59 Participants Needed

SABR + Pentoxifylline/Vitamin E for Lung Cancer

Age: 18+

Sex: Any

Trial Phase: Phase 2

Sponsor: University of Louisville

Disqualifiers: No prior thoracic radiotherapy, Pregnancy, Recent chemotherapy, others

No Placebo GroupAll trial participants will receive the active study treatment (no placebo)

Prior Safety DataThis treatment has passed at least one previous human trial

What You Need to Know Before You Apply

What is the purpose of this trial?

This trial tests a new combination of treatments for individuals with lung cancer that has recurred or developed anew after previous radiation therapy. It combines a precise, high-dose radiation called Stereotactic Ablative Radiotherapy (SABR) with the drug pentoxifylline (Trental) and Vitamin E to evaluate their safety and effectiveness together. Suitable candidates have had lung cancer before, received radiation treatment, and now have a new or returning lung cancer near the same area. As a Phase 2 trial, this research focuses on measuring the treatment's effectiveness in an initial, smaller group of participants.

Will I have to stop taking my current medications?

The trial does not specify if you need to stop taking your current medications, but you cannot have had chemotherapy within 4 weeks before starting the trial, and you cannot have plans to take chemotherapy at the same time as the trial treatment.

Is there any evidence suggesting that this trial's treatments are likely to be safe?

Previous studies have shown that pentoxifylline, often combined with vitamin E, significantly protects against lung damage from radiation. This combination reportedly reduces radiation's harmful effects, easing the impact on normal tissues. It suggests that pentoxifylline, especially with vitamin E, is well-tolerated by patients undergoing treatments like SABR.

Research on stereotactic ablative radiotherapy (SABR) also shows it is safe. Studies indicate that patients did not experience severe long-term side effects after treatment, suggesting SABR is generally safe for treating lung cancer. Overall, both pentoxifylline with vitamin E and SABR have been found to be safe options, with no major safety concerns reported in the referenced studies.¹ ² ³ ⁴ ⁵

Why do researchers think this study treatment might be promising?

Researchers are excited about the combination of Stereotactic Ablative Radiotherapy (SABR) with Pentoxifylline and Vitamin E for lung cancer because it offers a novel approach to treatment. Unlike the standard treatments like chemotherapy and traditional radiotherapy, this combination specifically aims to enhance the effectiveness of radiotherapy. Pentoxifylline, along with Vitamin E, may improve blood flow and protect normal tissues, potentially reducing side effects and improving the overall impact of the therapy. This strategy targets both the tumor directly and supports the surrounding tissue, which could lead to better outcomes for patients.

What evidence suggests that SABR and pentoxifylline could be effective for lung cancer?

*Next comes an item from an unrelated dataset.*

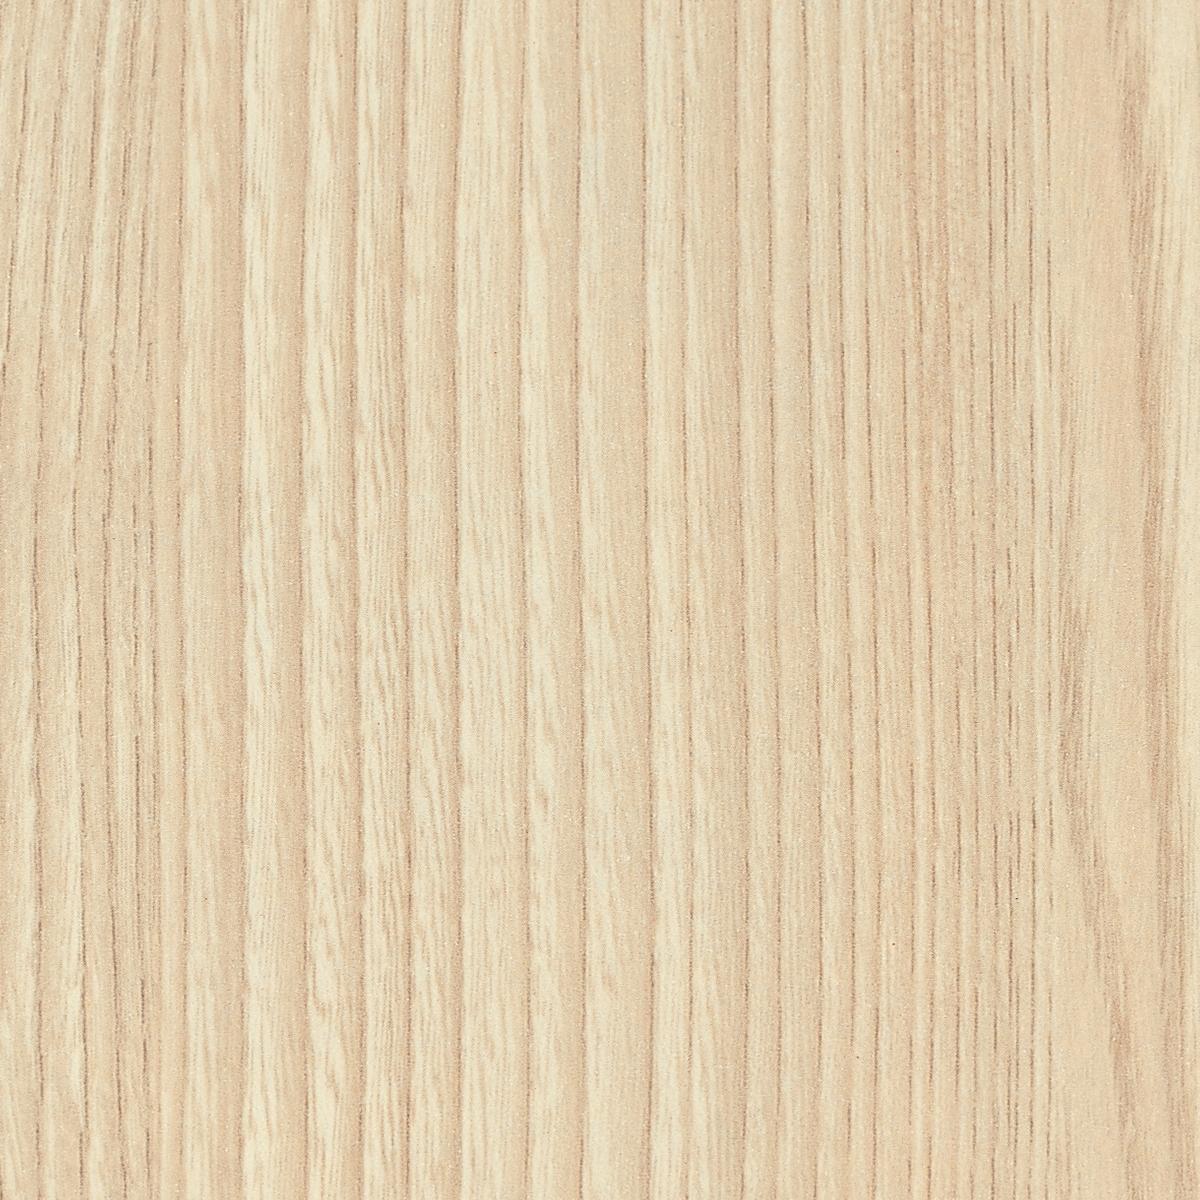 8843 Natural Ash - Formica
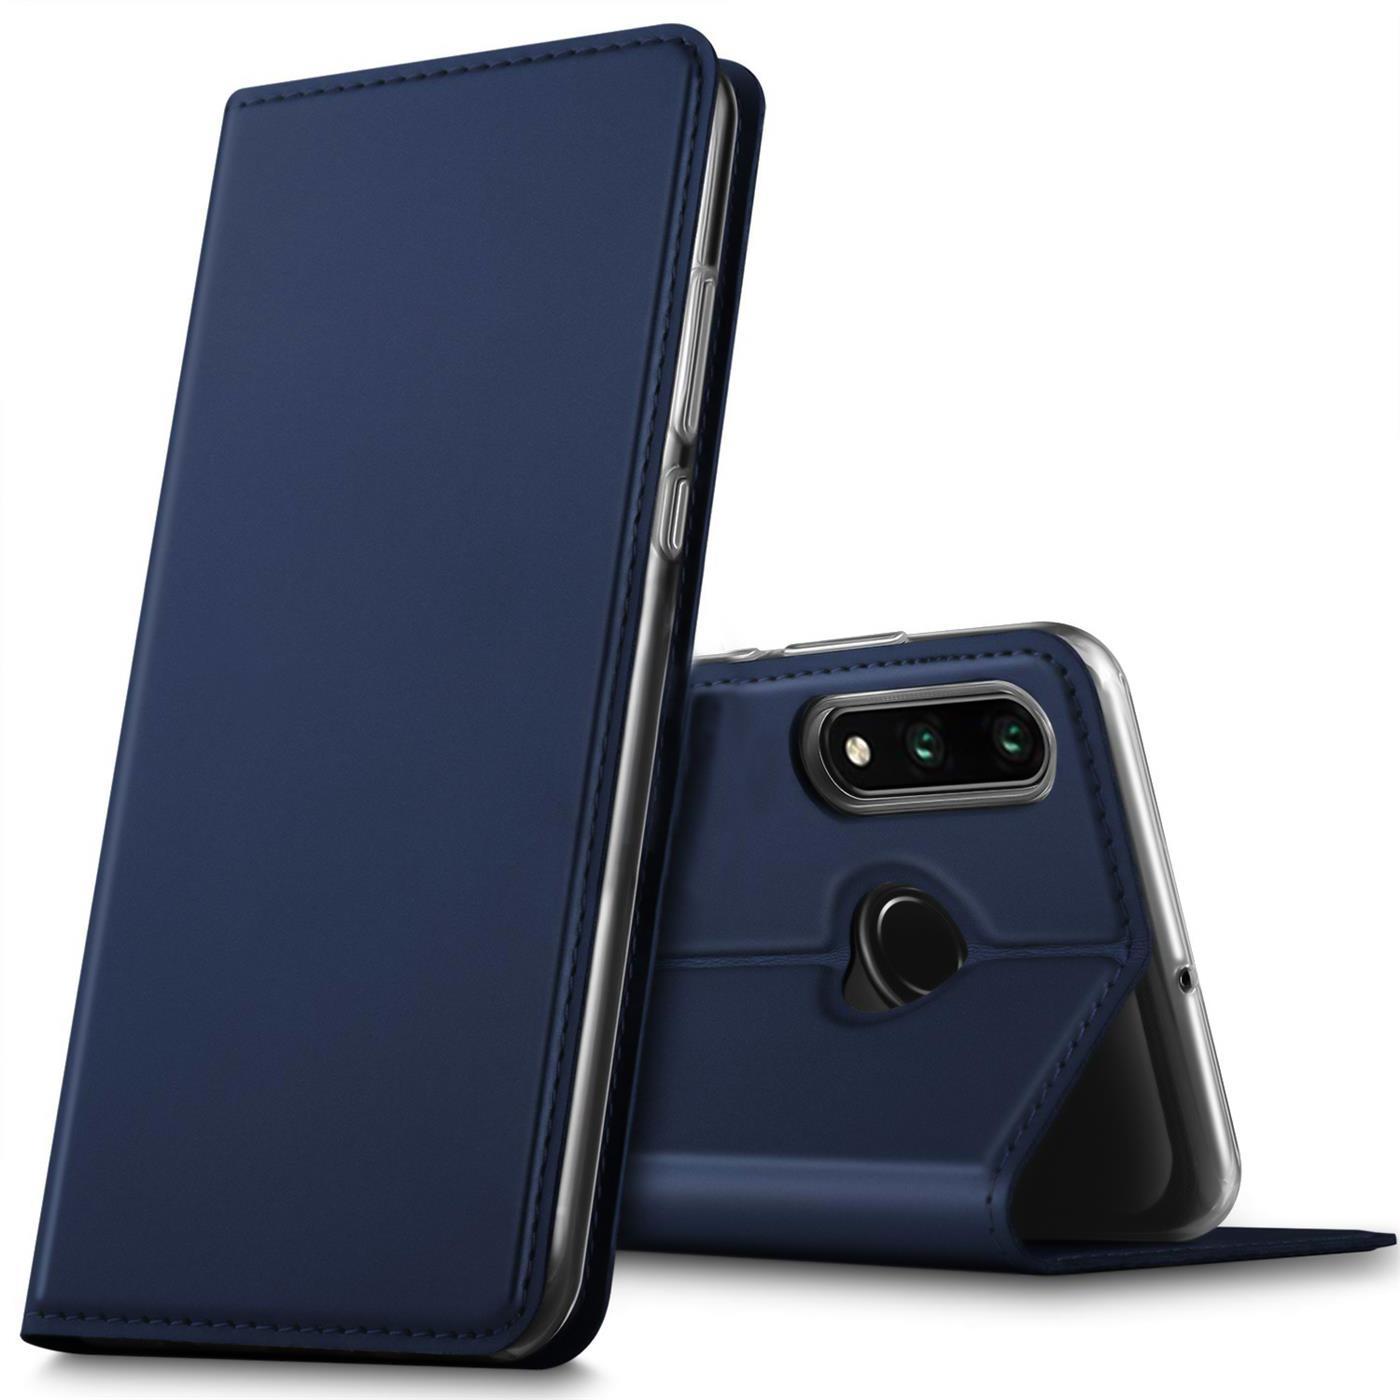 Huawei-P30-Lite-Schutz-Huelle-Handy-Tasche-Flip-Case-Book-Cover-Case-Etui-Bumper Indexbild 12

This trial will evaluate the combination of Stereotactic Ablative Radiotherapy (SABR) with pentoxifylline and Vitamin E for treating non-small cell lung cancer. Studies have shown that pentoxifylline can enhance radiation therapy by altering its impact on cancer cells, potentially increasing treatment effectiveness. Pentoxifylline may also protect healthy lung tissue during radiation by reducing clotting and inflammation. SABR has improved overall survival in patients by targeting tumors more precisely than traditional methods. This combination aims to enhance treatment effectiveness while minimizing side effects.² ⁵ ⁶ ⁷ ⁸

Who Is on the Research Team?

Neal E. Dunlap

Principal Investigator

James Graham Brown Cancer Center-U of Louisville

Are You a Good Fit for This Trial?

This trial is for adults over 18 with a history of thoracic cancer treated previously, who now have new or recurrent lung malignancies. They should be in good physical condition (ECOG 0-1), not pregnant, willing to use birth control, and have had recent scans and pulmonary tests. Those with very poor lung function or recent chemotherapy are excluded.

Inclusion Criteria

I am fully active or can carry out light work.

My lung cancer is newly diagnosed or has come back in the same area.

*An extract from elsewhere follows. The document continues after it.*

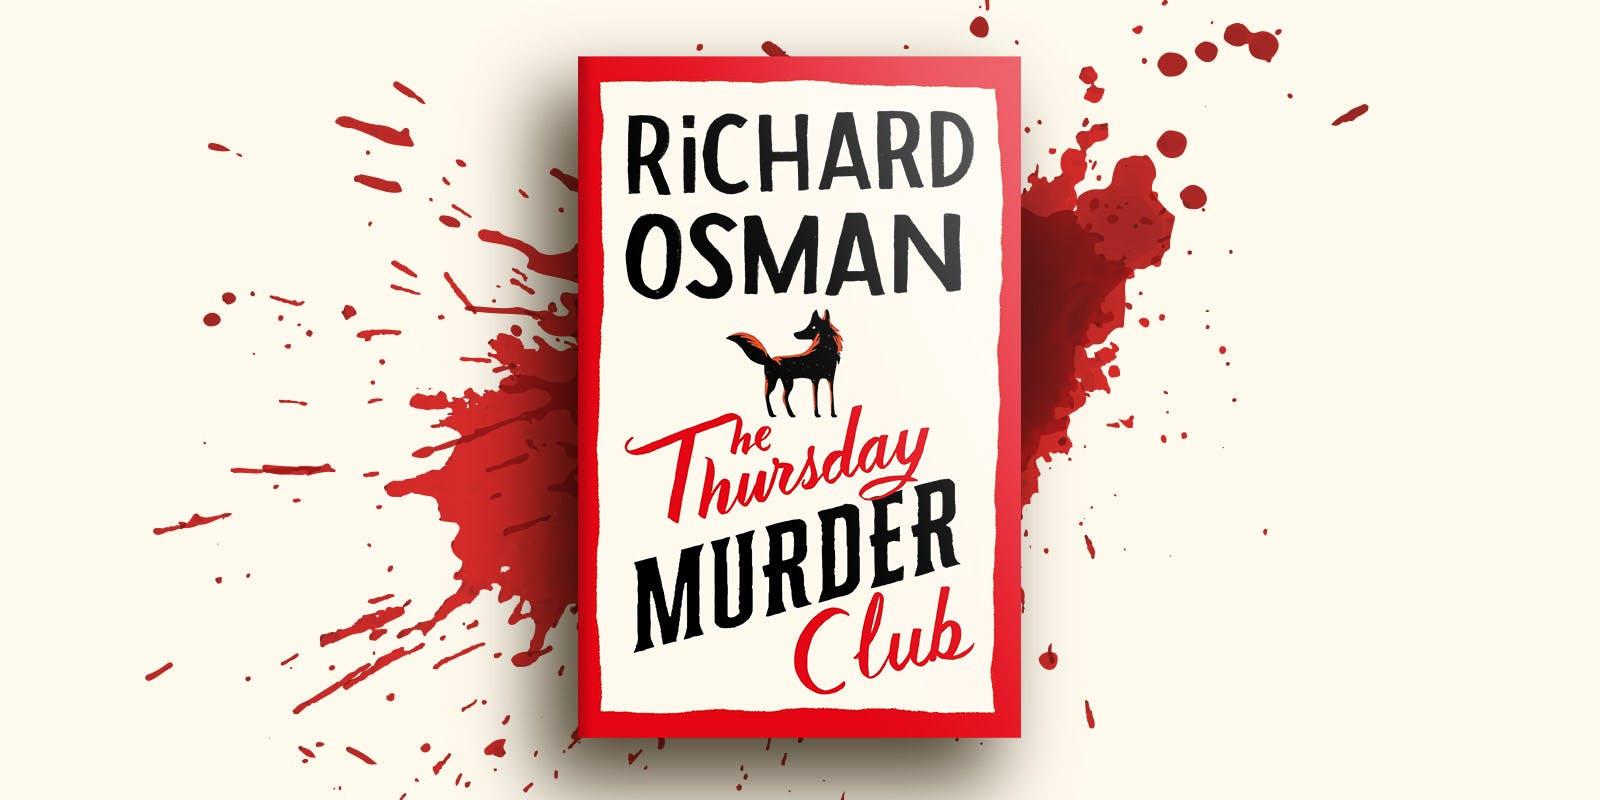 Thursday Murder Club book club notes

Imaging as follows: CT scan of the chest with IV contrast within 8 weeks of registration, Whole body PET scan within 8 weeks of registration, Pulmonary function test (PFTs), including diffusion capacity within 8 weeks of registration, Negative serum pregnancy test within 2 weeks prior to registration for women of childbearing potential, Women of childbearing potential and male participants who are sexually active must agree to use a medically effective means of birth control, Patients must provide study specific informed consent prior to study entry.

See 1 more

Exclusion Criteria

I haven't had chemotherapy in the last 4 weeks.

I have never had radiation therapy to my chest.

I will be receiving chemotherapy at the same time as radiotherapy.

See 2 more

Timeline for a Trial Participant

Screening

Participants are screened for eligibility to participate in the trial

2-4 weeks

Treatment

Participants receive stereotactic ablative radiotherapy (SABR) along with pentoxifylline and Vitamin E

6-8 weeks

Follow-up

Participants are monitored for safety and effectiveness after treatment

12 weeks

What Are the Treatments Tested in This Trial?

Interventions

Pentoxifylline
Stereotactic Ablative Radiotherapy (SABR)

Trial Overview The study is examining the safety and effectiveness of combining Pentoxifylline medication with Stereotactic Ablative Radiotherapy (SABR) for treating new or returning lung cancers that were previously irradiated.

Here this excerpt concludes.